Figure 1. Conducted and Radiated EMI
Conducted EMI: Physical coupling from direct contact
Conducted EMI results from currents flowing through imbalances in circuits or through parasitic circuit elements of components or trace inductances and capacitances. The noise couples to other circuit parts either magnetically (inductive coupling) or electrically (capacitive coupling).
Currents are classified as differential if they flow opposite directions as in the source and return path or as common mode if they flow in the same direction through both source and return path, then completing the circuit through a ground path.
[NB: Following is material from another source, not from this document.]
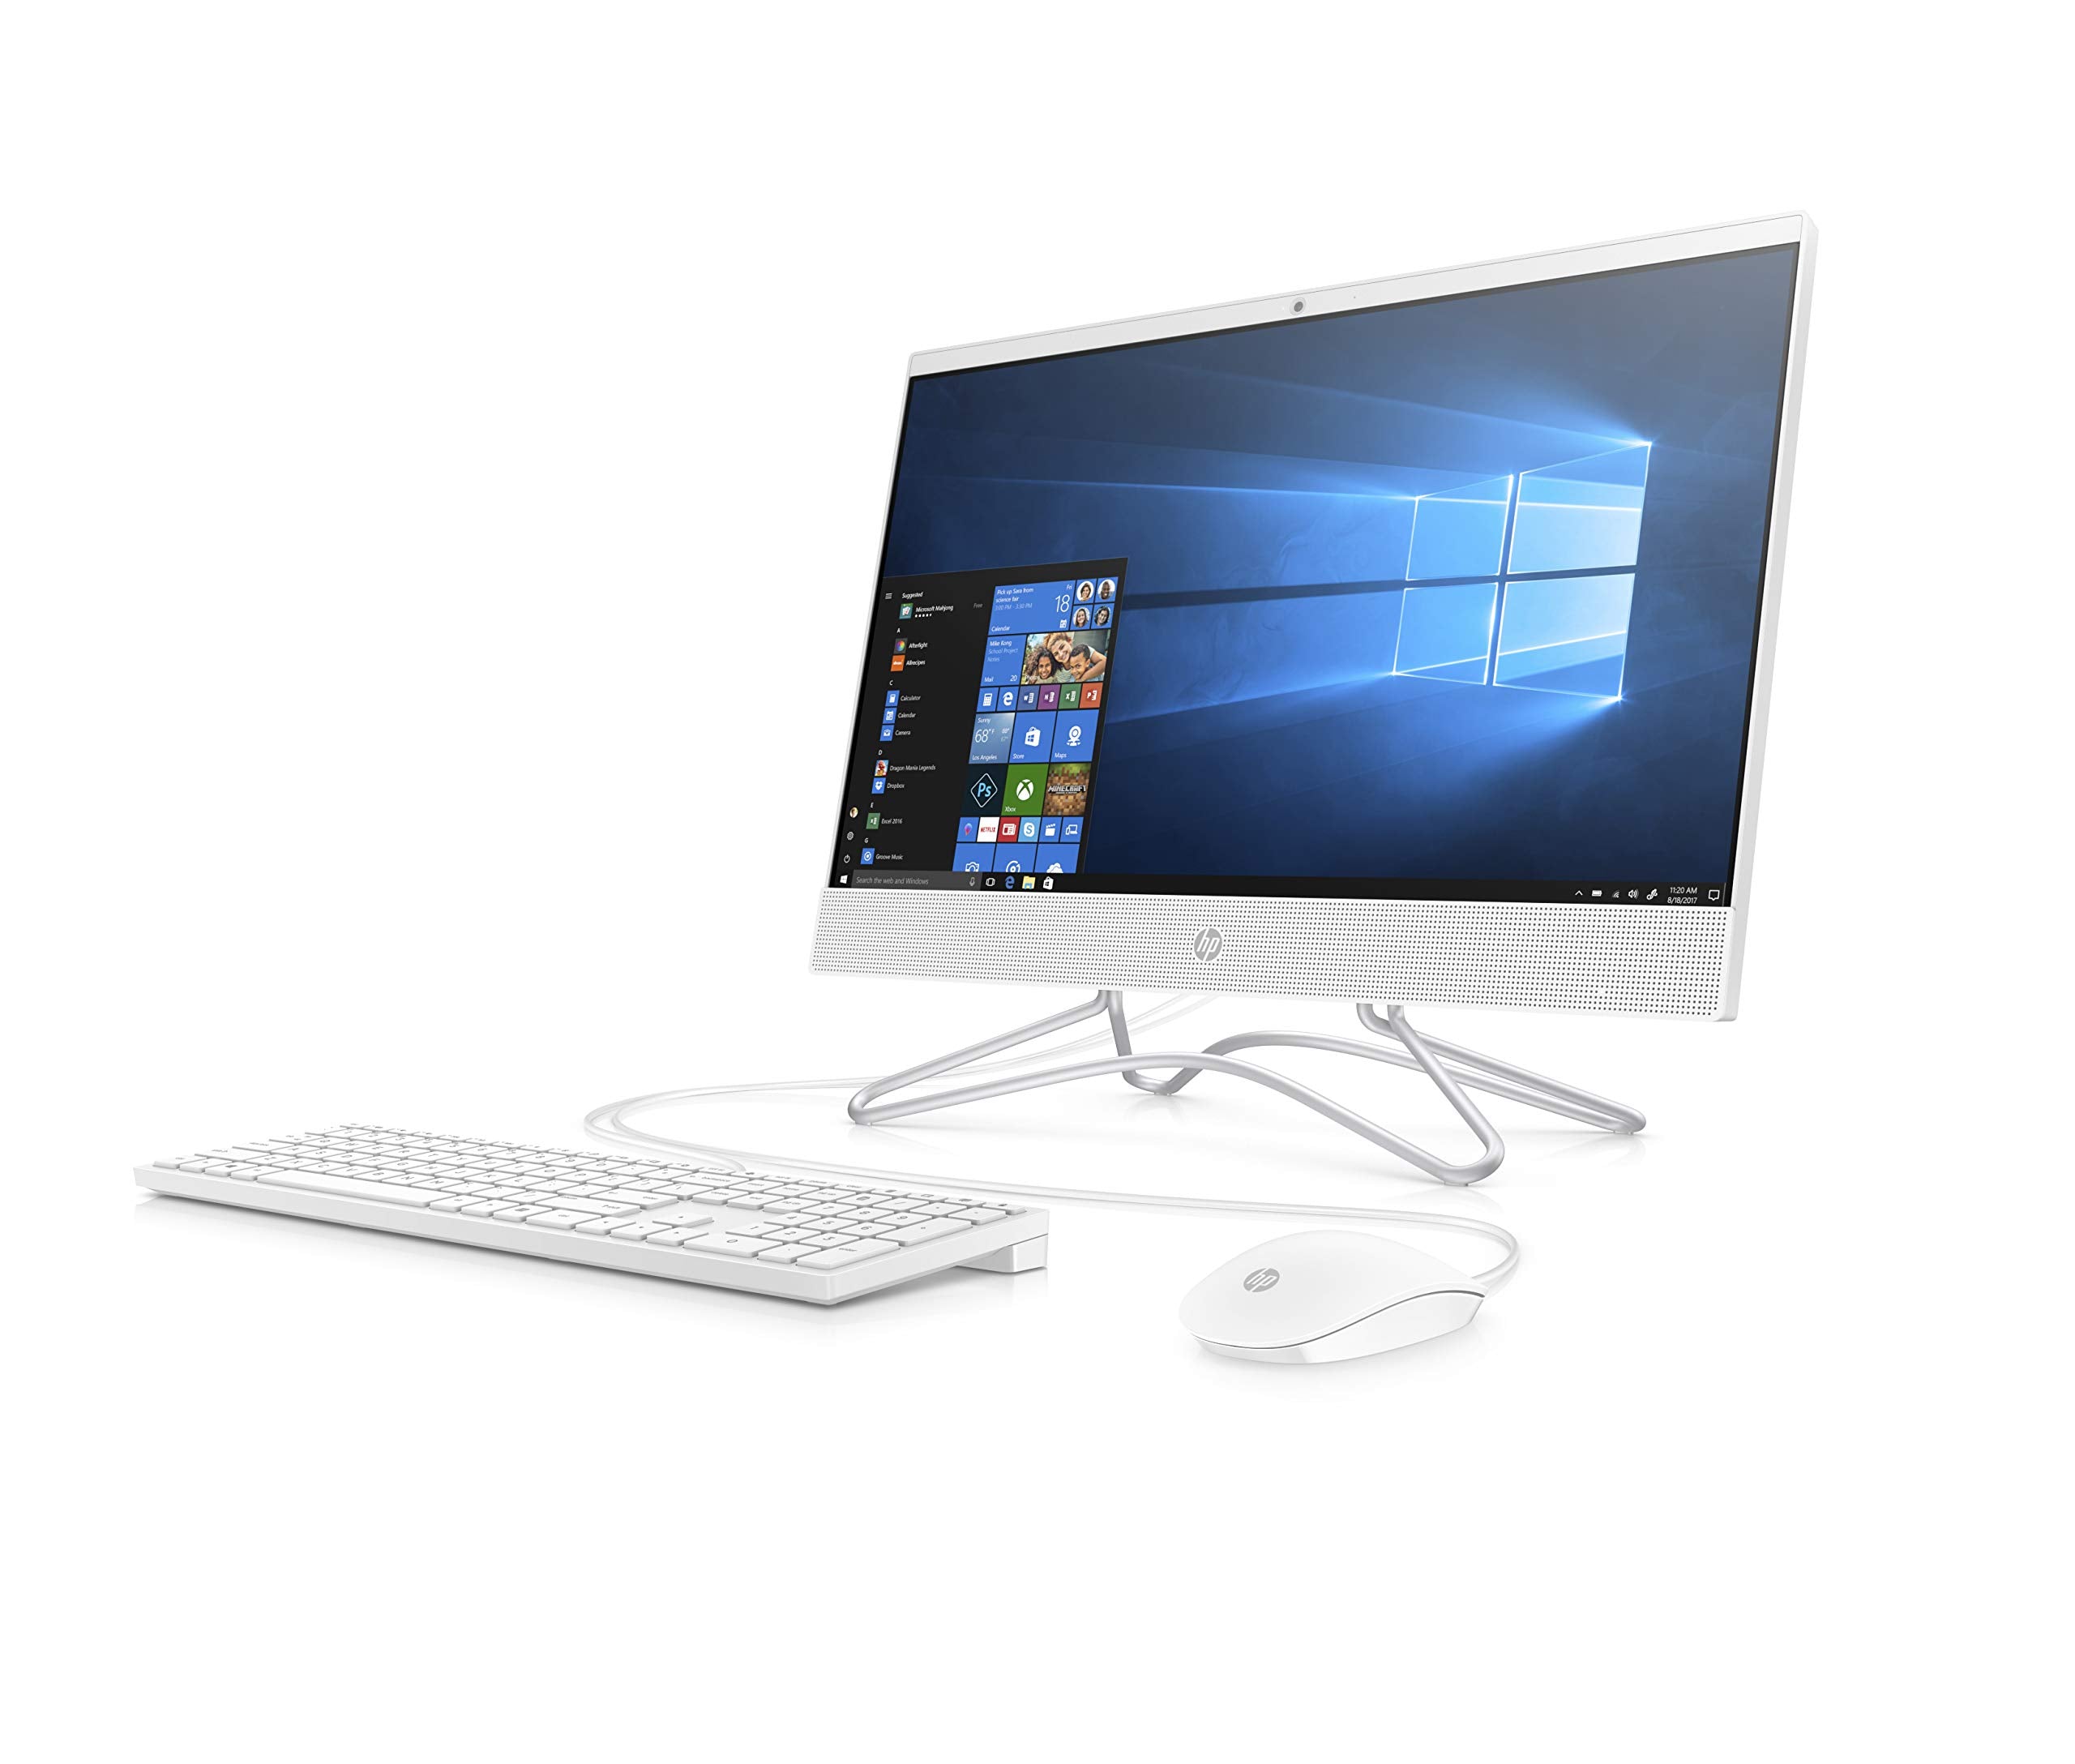 HP 200 G3 All-in-One PC 21.5 Inches LED All-in-One Desktop PC (White) - Intel J5005, 1.5 GHz, 1000 GB HDD, Intel UHD Graphics 605, DOS

Currents can either be classified as differential or common mode:
- Differential Currents: Flow opposite directions as in the source and return path
- Common Mode: Flow in the same direction through both source and return path, and then complete the circuit through a ground path
Figure 2. Differential mode and common mode noise paths
Even though the currents are extremely small, just microamperes in the presence of devices larger operating currents (amperes), they can easily be enough to cause a failure to meet EMC standards. Typically conducted noise is at lower frequencies, between 150 kHz to 30 MHz, because the components and traces are too small to form antennas.
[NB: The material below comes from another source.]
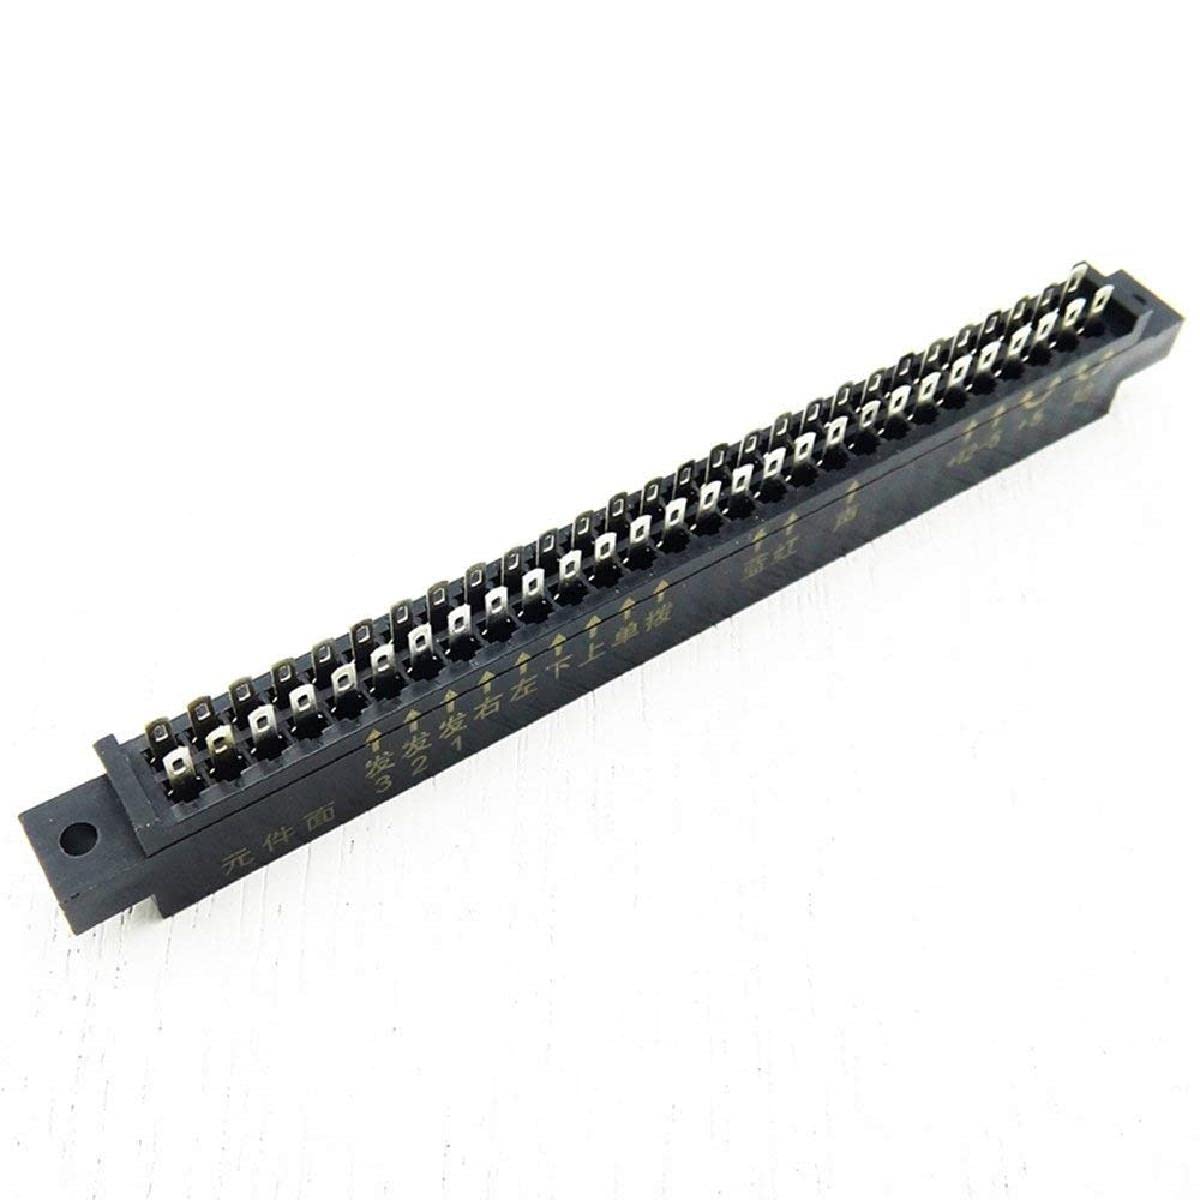 MOUDOAUER 28/56 Pin Female Connector Video Game Parts Arcade Machine Connection Converter Game Accessory

Radiated EMI: Coupling over the air from antennas
Radiated EMI is caused when the current paths on the circuit board layout encompass large enough areas to form loop antennas or dipole from which signals radiate. Radiated noise is considered to be in the range of 30 MHz to 1 GHz. This is the upper limit of the standards, not the noise; many computers and the new 5G cellular networks operate well above this limit. Standards generally lag technological innovation.
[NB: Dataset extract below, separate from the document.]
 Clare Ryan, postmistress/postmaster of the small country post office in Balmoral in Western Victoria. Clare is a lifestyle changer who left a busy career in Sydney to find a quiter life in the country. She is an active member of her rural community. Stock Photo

EMC is twofold. First, the device must not transmit interference when functioning; when it creates EMI, the device is called the aggressor. Secondly, the device needs to protect itself from possible interference from other devices when they are operating normally so it will not be a victim of EMI. The device should operate properly in the real-world environment with other devices.
In addition to the high frequency interference, EMC also encompasses several types of transient immunity:
- Electrostatic Discharge (ESD) – These are high voltage, low power discharges that can happen either through the air or by direct contact. It’s the spark you get when reaching for the doorknob after walking across a carpet on dry winter day.
- Electrical Fast Transients - An example would be the arcs created when opening a switch. Breaking the current flow causes an arc, but, since switch contacts bounce, the interruption happens many times, creating a burst of electrical noise.
- Surge – This third type is often seen on mains powered devices as a result of a lightning strike. These are high voltages with high currents which can cause significant damage.
Meeting EMC Standards
All commercial products must meet minimum performance requirements developed by standardization bodies like IEC (International Electrotechnical Commission), CISPR (International Special Committee on Radio Interference), FCC (Federal Communications Commission), and others which have been adopted into the laws of most countries. This makes it a legal requirement in order to sell devices.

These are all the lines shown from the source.